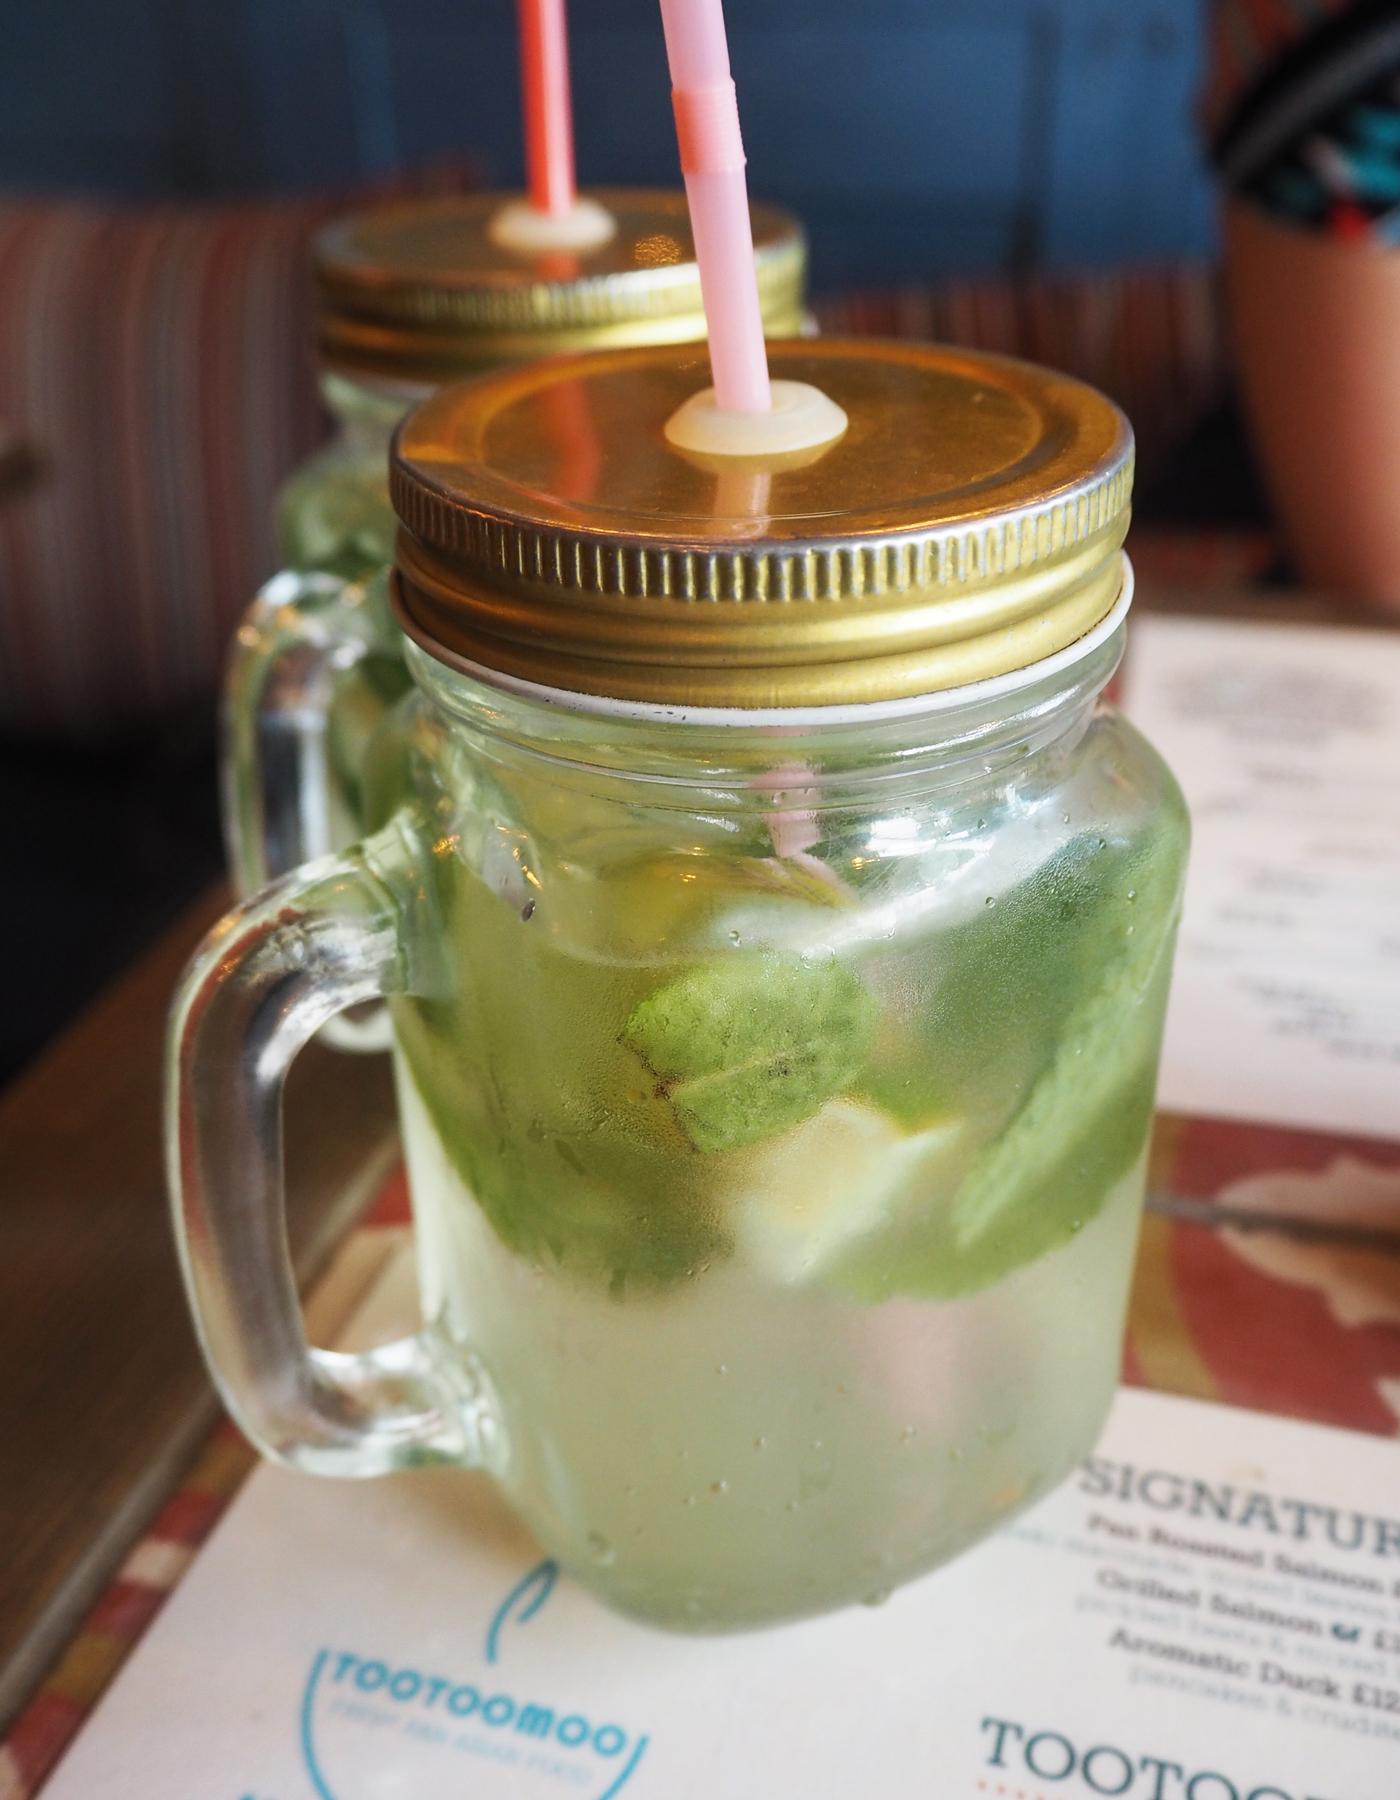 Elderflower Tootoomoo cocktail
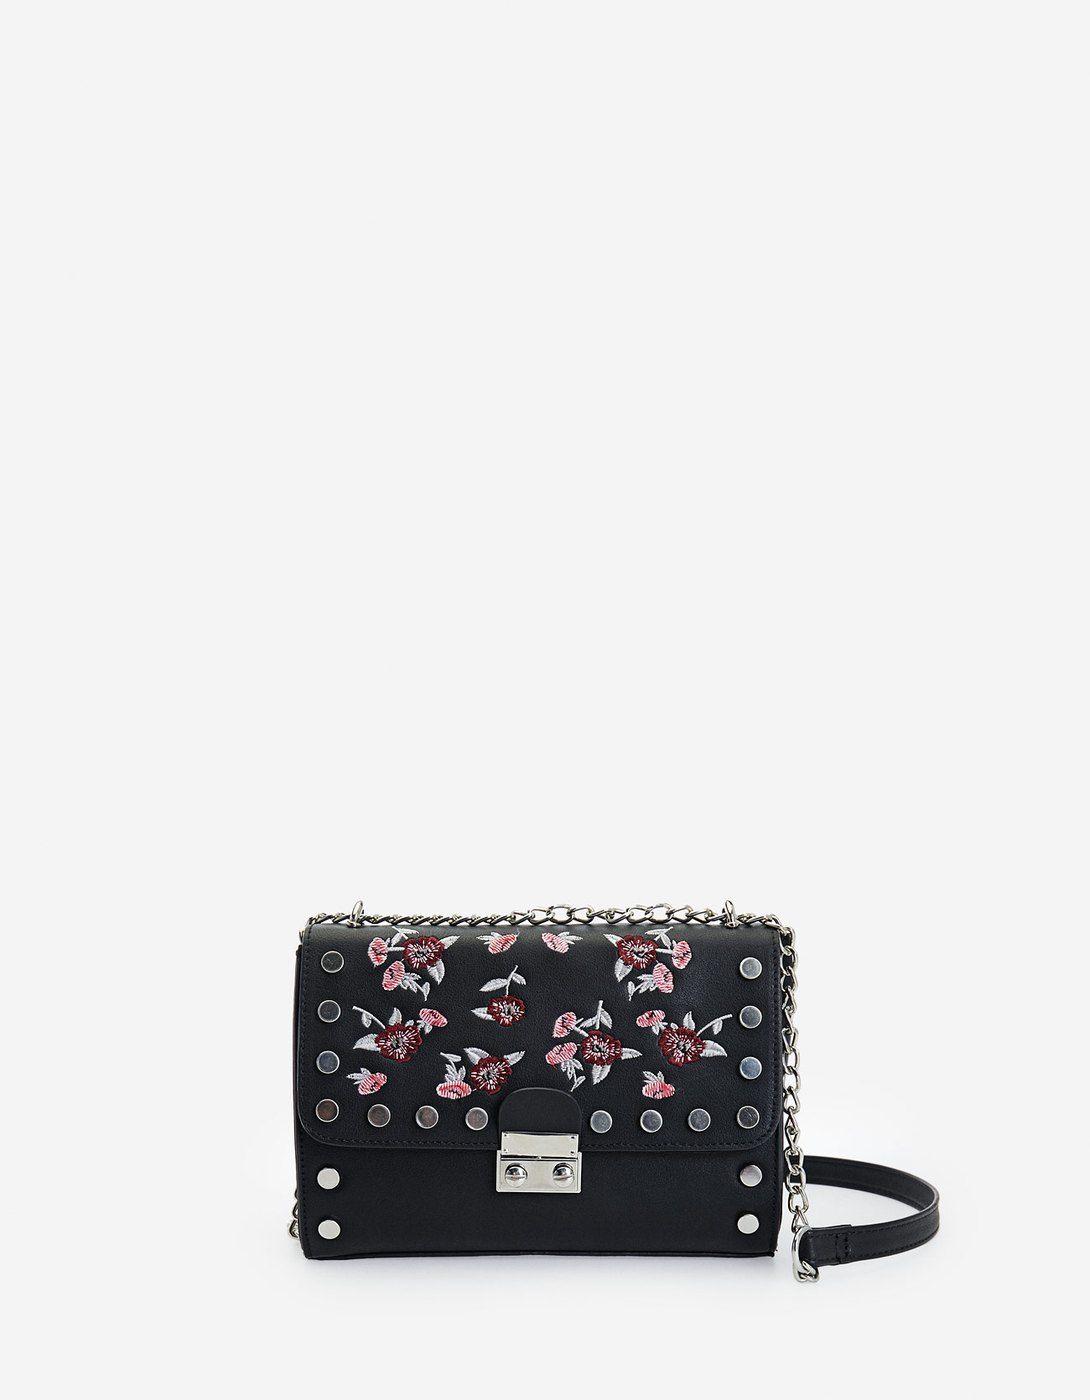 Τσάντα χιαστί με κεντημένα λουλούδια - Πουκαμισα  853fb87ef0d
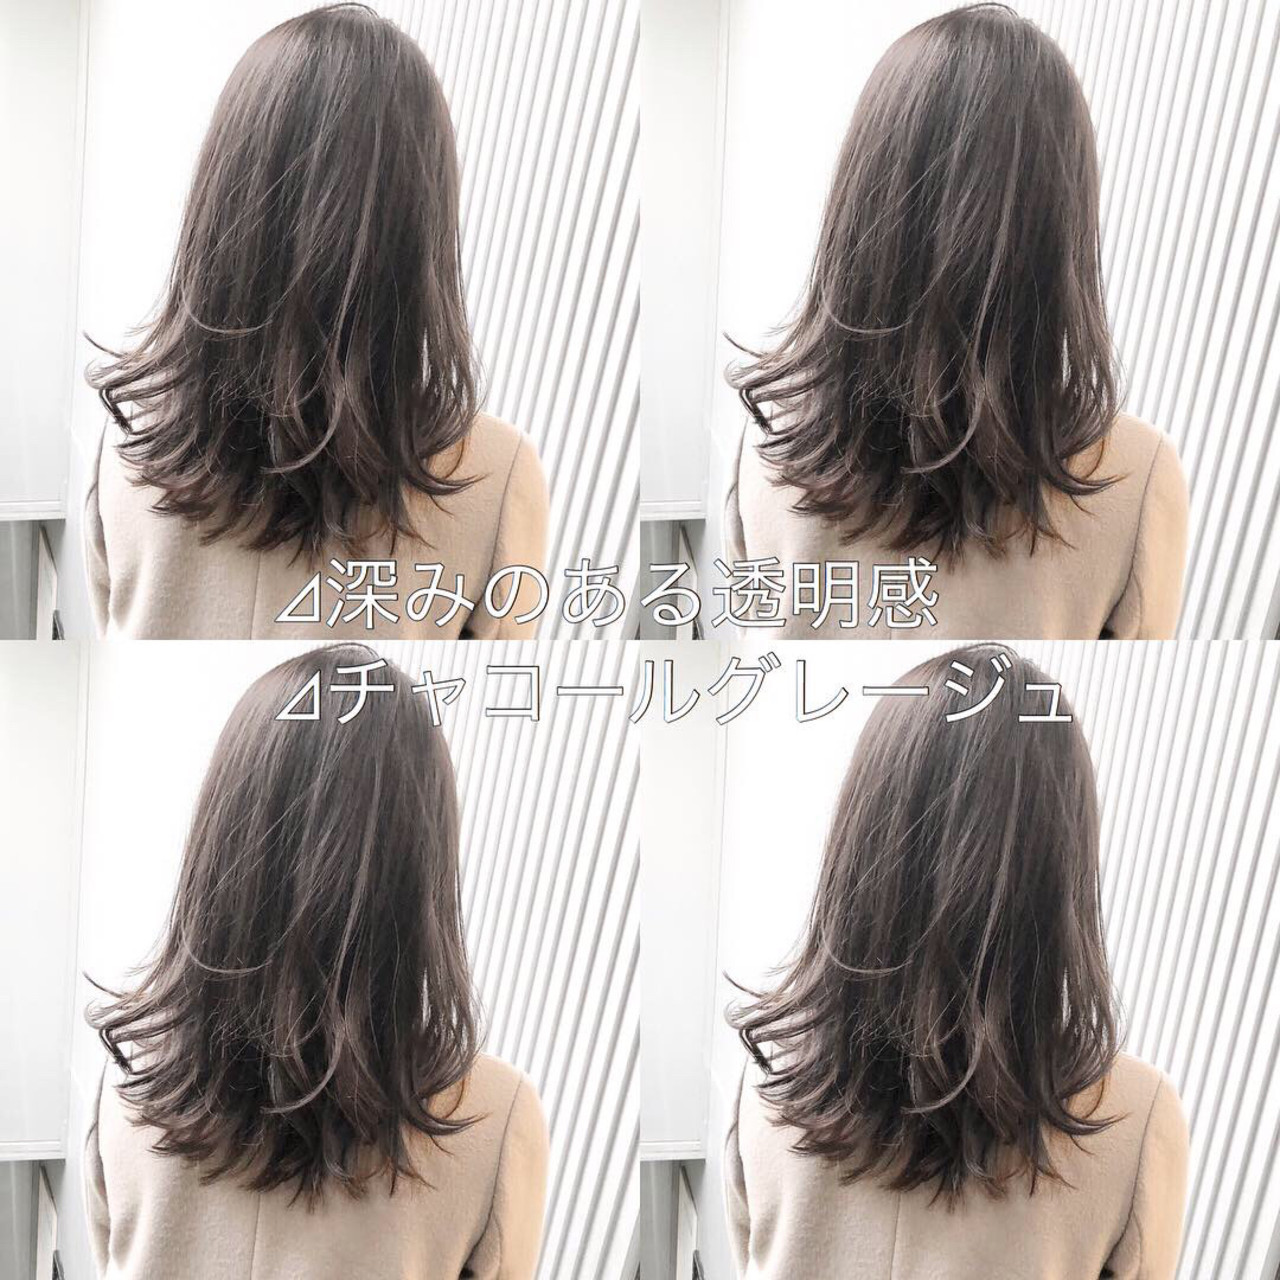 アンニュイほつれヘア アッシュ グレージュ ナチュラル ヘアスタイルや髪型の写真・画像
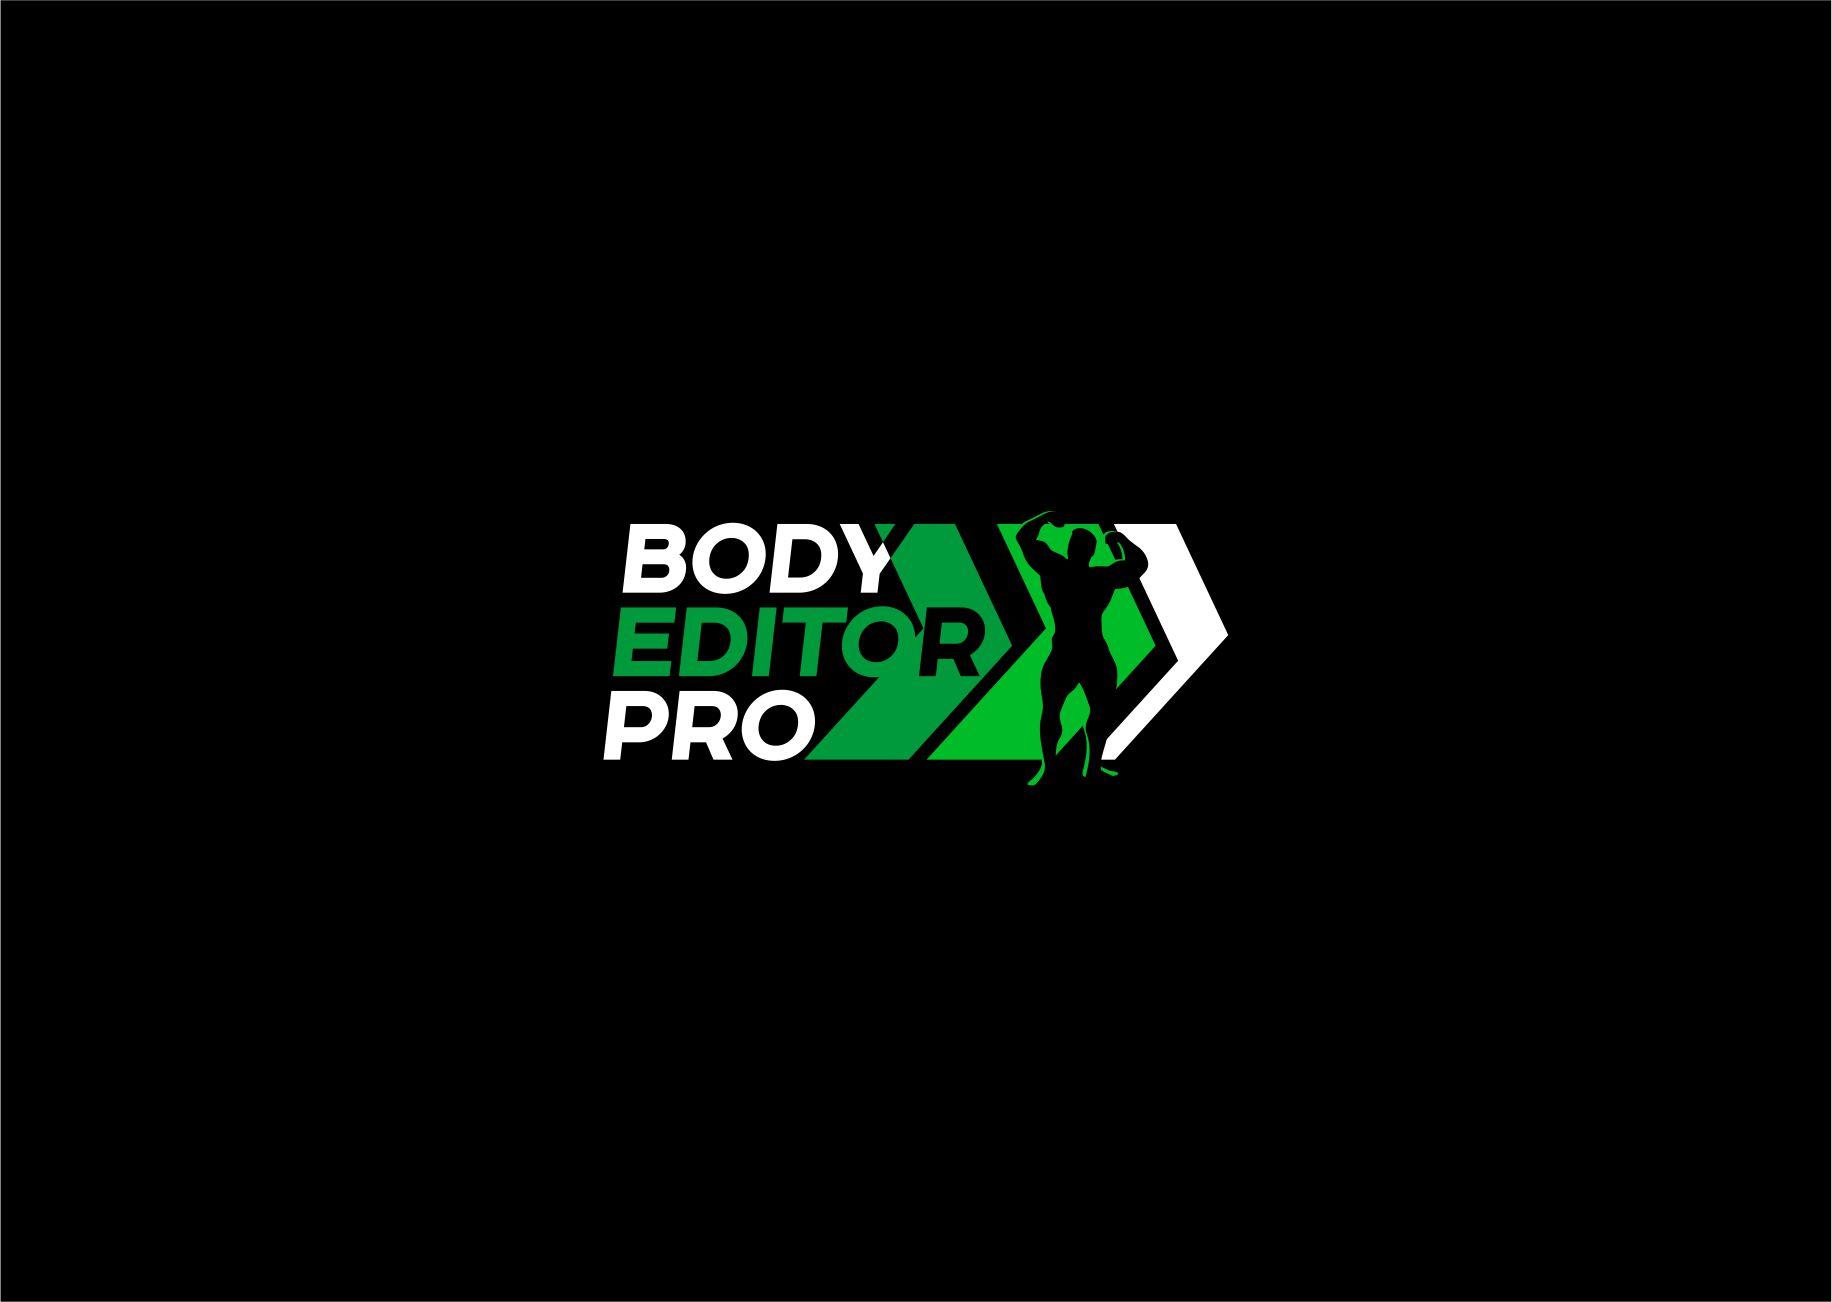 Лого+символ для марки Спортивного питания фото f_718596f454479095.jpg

[Task objective]
The data above must be given again in full and unaltered, minus its images.

[Your response]
 Elderflower Tootoomoo cocktail
 Τσάντα χιαστί με κεντημένα λουλούδια - Πουκαμισα  853fb87ef0d
 アンニュイほつれヘア アッシュ グレージュ ナチュラル ヘアスタイルや髪型の写真・画像
 Лого+символ для марки Спортивного питания фото f_718596f454479095.jpg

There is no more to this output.